Interrogating the Interaction of CD52 Functionalised Metallic Nanoparticles with Malignant B Lymphocytes

Chronic Lymphocytic Leukaemia (CLL) is a common B-lymphoid malignancy with over 200,000 people affected annually in Europe and the US. The aim of therapy is to increase the quality and duration of life using well tolerated treatment. Novel intracellular drug delivery systems such as functionalised nanoparticles (NPs), conjugated to antibodies such as anti-CD20 or anti-CD52 directed at cell surface markers may help address this need. We have explored the feasibility of targeting nanoparticles in CLL using a microfluidics based adhesion assay, anti CD52 cell targeting and Fludarabine therapy.

Methods

B cells were isolated from the peripheral blood of normal healthy donors and CLL patients. The CLL cell line, I-83, was maintained under standard conditions. Epifluorescent, laser scanning confocal and electron microscopy was utilised for imaging the interaction of metallic NPs with cells. The metallic NPs were polymer-coated for biocompatibility and cellular toxicity was assessed using flow cytometric analysis based on changes in light scattering. NPs distribution on the surface of the cells was visualized using epifluorescent and Helium ion microscopy, cellular uptake and alterations in cell morphology after NP treatment was imaged by confocal microscopy.

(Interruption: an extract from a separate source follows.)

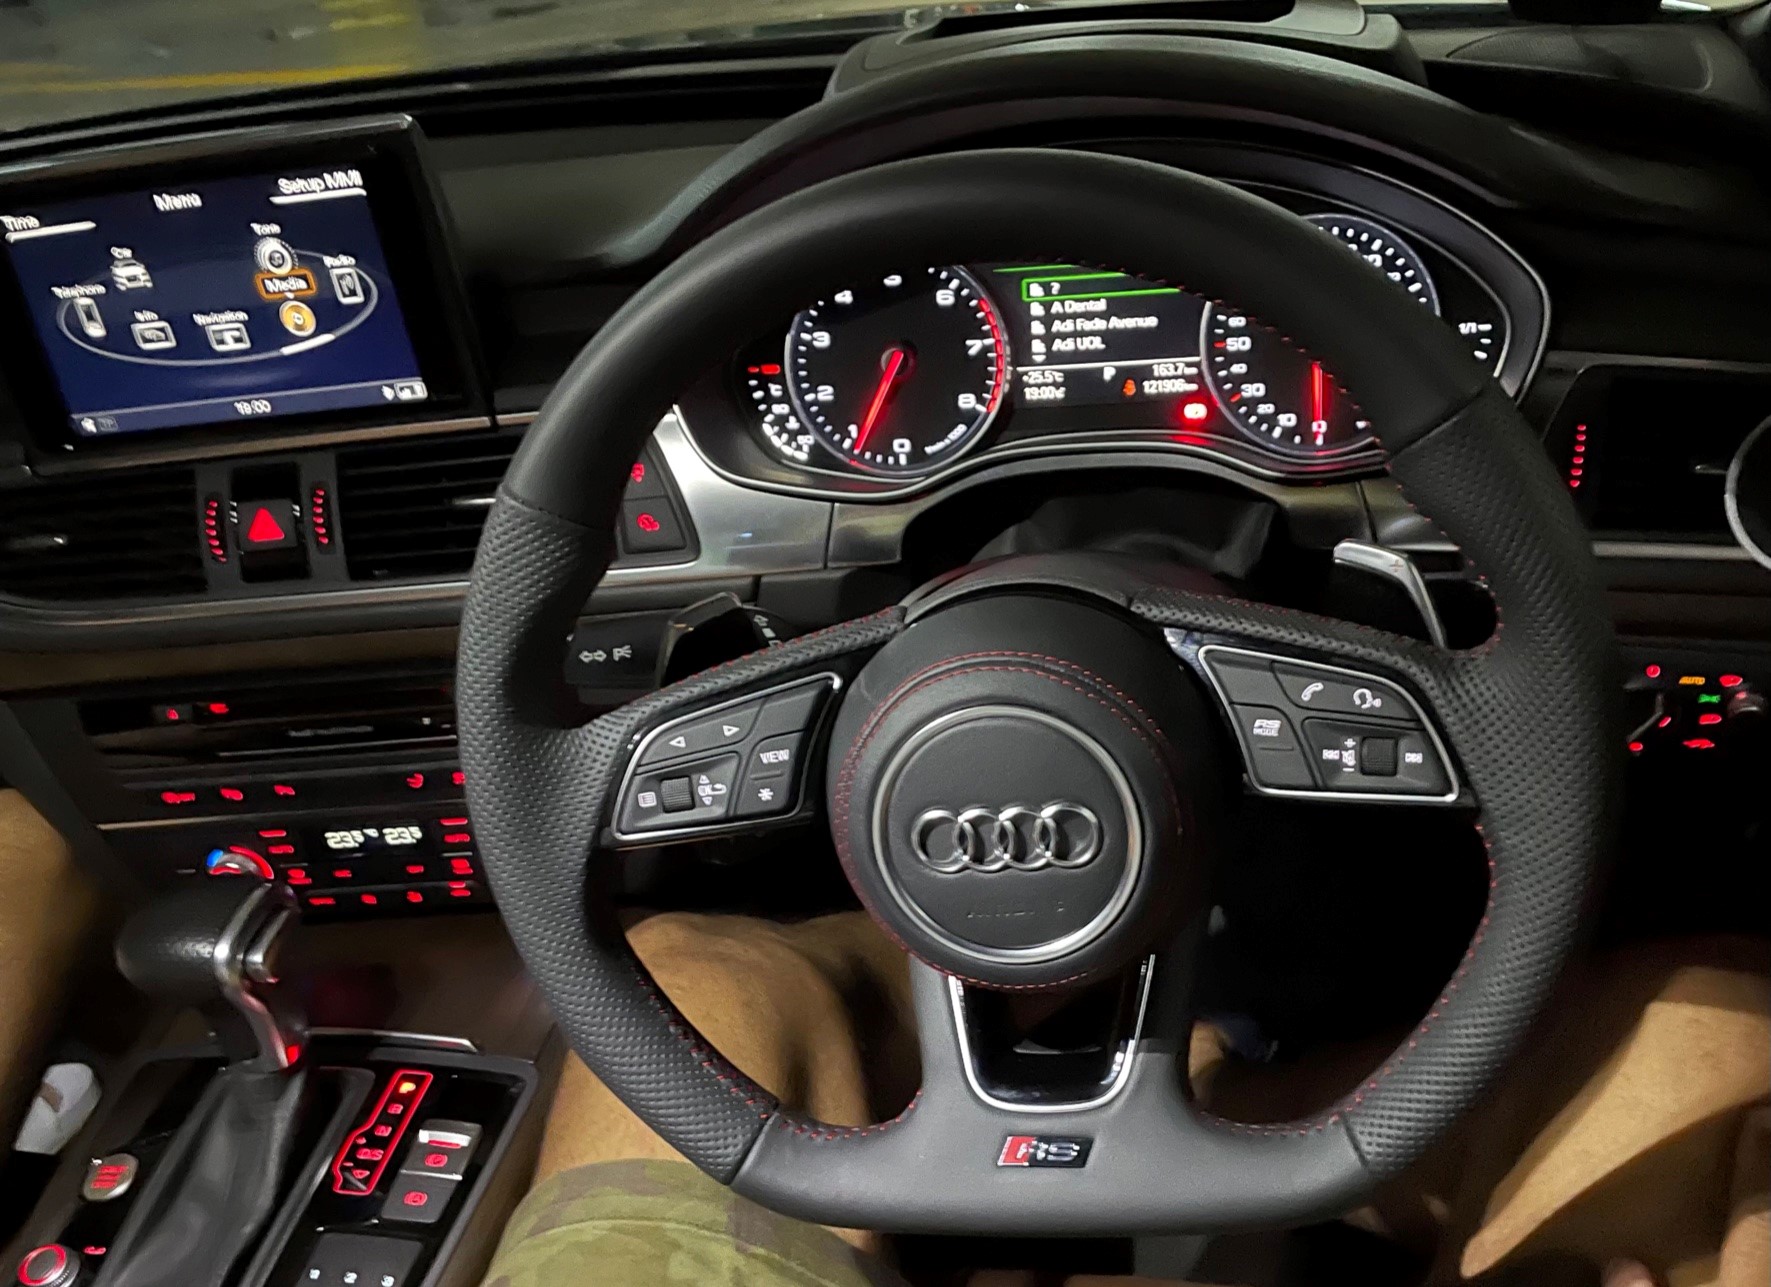 Modhub Steering Wheels - Audi A6 C7

Cell adhesion and migration behaviour under fluid shear flow conditions mimicking CLL cells in vivo was investigated using a microfluidics system utilising biochips coated with VCAM-1 and seeded with Human Umbilical Vein Endothelial Cells (HUVEC) or Human Dermal Lymphatic Endothelial Cells.

CD52-Alexa Fluor® 633 was conjugated to the surface of silanized NPs (NP1) using standard carbo-diimide cross linker chemistry techniques and successful functionalisation of NPs was validated using flow cytometric analysis, monitoring a shift in fluorescent population.

I-83 cells and patient-derived malignant B cells were treated using pH sensitive dye doped NPs and pH sensitive dye doped NP1 in order to assess interaction of nanoparticles with cells. Uptake measurements were performed through quantification of the fluorescence of the pH sensitive dye. As proof of concept, Fludarabine was then incorporated on to the surface of NPs in order to investigate its potential as a nanotherapeutic. Cytotoxicity studies were performed using flow cytometric analysis mentioned above following a 24 hour incubation.

Results and Conclusions

Quantitative and qualitative analysis identified uptake of NPs by normal and malignant B-lymphocytes with optimal NPs concentration for uptake determined at 25 μg/ml. Non-functionalised NPs in the range of 15-50nm were internalised by cells.

There was a notable decrease in the interaction of NPs with cells under physiologically relevant fluid shear flow in comparison to static conditions, resulting in a corresponding decrease in uptake, highlighting the rationale for a CLL cell-targeted NP. The results of the adhesion experiment using I-83 cells and patient derived CLL cells to the HUVEC monolayer in a micro-fluidics system showed that patient CLL adhesion decreased after NP treatment (p=0.01, n=3).

Cytotoxicity studies show that exposure to uncoated Fe₂O₃ nanoparticles yields an IC50 value of 23μg/mL +/- 5 μg/mL in comparison to coated, stabilized Fe₂O₃ nanoparticles with an IC50 of 49μg/mL +/- 5 μg/mL. Functionalisation of NPs with CD52 antibody (NP-1) resulted in significantly increased uptake (p<0.0001, n=3) and cytotoxicity. Preparation of these nanoparticles was reproducible and the particles remained stable in suspension for over 4 weeks. Cells treated with NPs bound Fludarabine were found to have significantly increased cytotoxicity in comparison to stabilized NPs (IC50 of 21μg/mL +/- 1μg/mL.

In summary, this work provides proof of concept of efficacy for a targeted nanotherapeutic in haematological malignancies.